Large eddy simulation on the interaction effect of shock waves induced by wall ramps on strut flame

Struts are a commonly used structure in scramjet engines. Their advantage lies in their ability to serve as both fuel injectors and flame stabilizers under high-speed conditions. In a strut-based combustor, there exist complex shock-wave structures and shock-wave-flame interactions. In this work, wall ramps were placed on the walls of the strut-based combustor to study the impact of oblique shock waves on the strut-jet flame. Three ramp-installation schemes were designed, and three-dimensional transient numerical studies were carried out using large-eddy simulation based on the OpenFOAM platform. The large-scale vortex structures were captured, and the interaction between the oblique shock waves induced by the ramps and the strut-jet flame was analyzed from the perspective of shock wave and vortex interactions.
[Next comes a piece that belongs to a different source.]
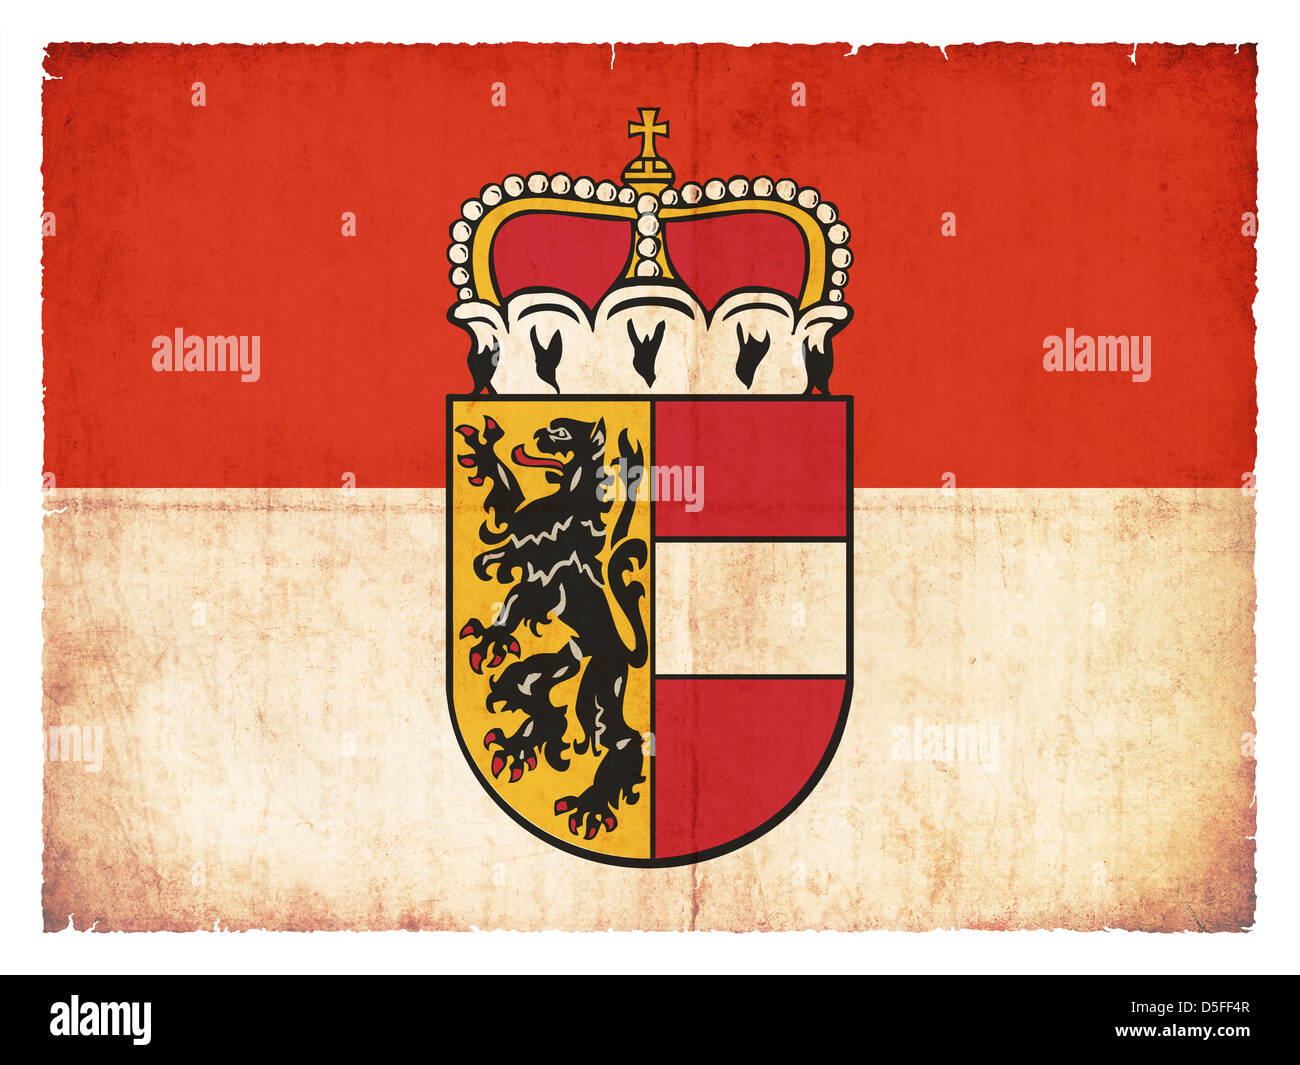 Bandiera della provincia austriaca Salisburgo creato in stile grunge Foto Stock

The dimensions of the struts and ramps were customized. The numerical results indicate that the shock waves induced by the ramps can significantly affect the strut-jet flame. Under strong compression, large-scale vortex structures are formed, and the flame mixing layer expands, promoting the mixing of the fuel jet and air, thus enhancing combustion. The stabilization mechanism of the strut-jet flame under the influence of the ramp-induced shock waves was analyzed. Additionally, a mechanism analysis of the flow-blockage phenomenon occurring in the simulation study was conducted. This research contributes to a better understanding of the flow-combustion phenomena occurring within the strut-based combustor, providing a certain theoretical basis and guiding solutions for the design and research of strut-based combustors in scramjet engines.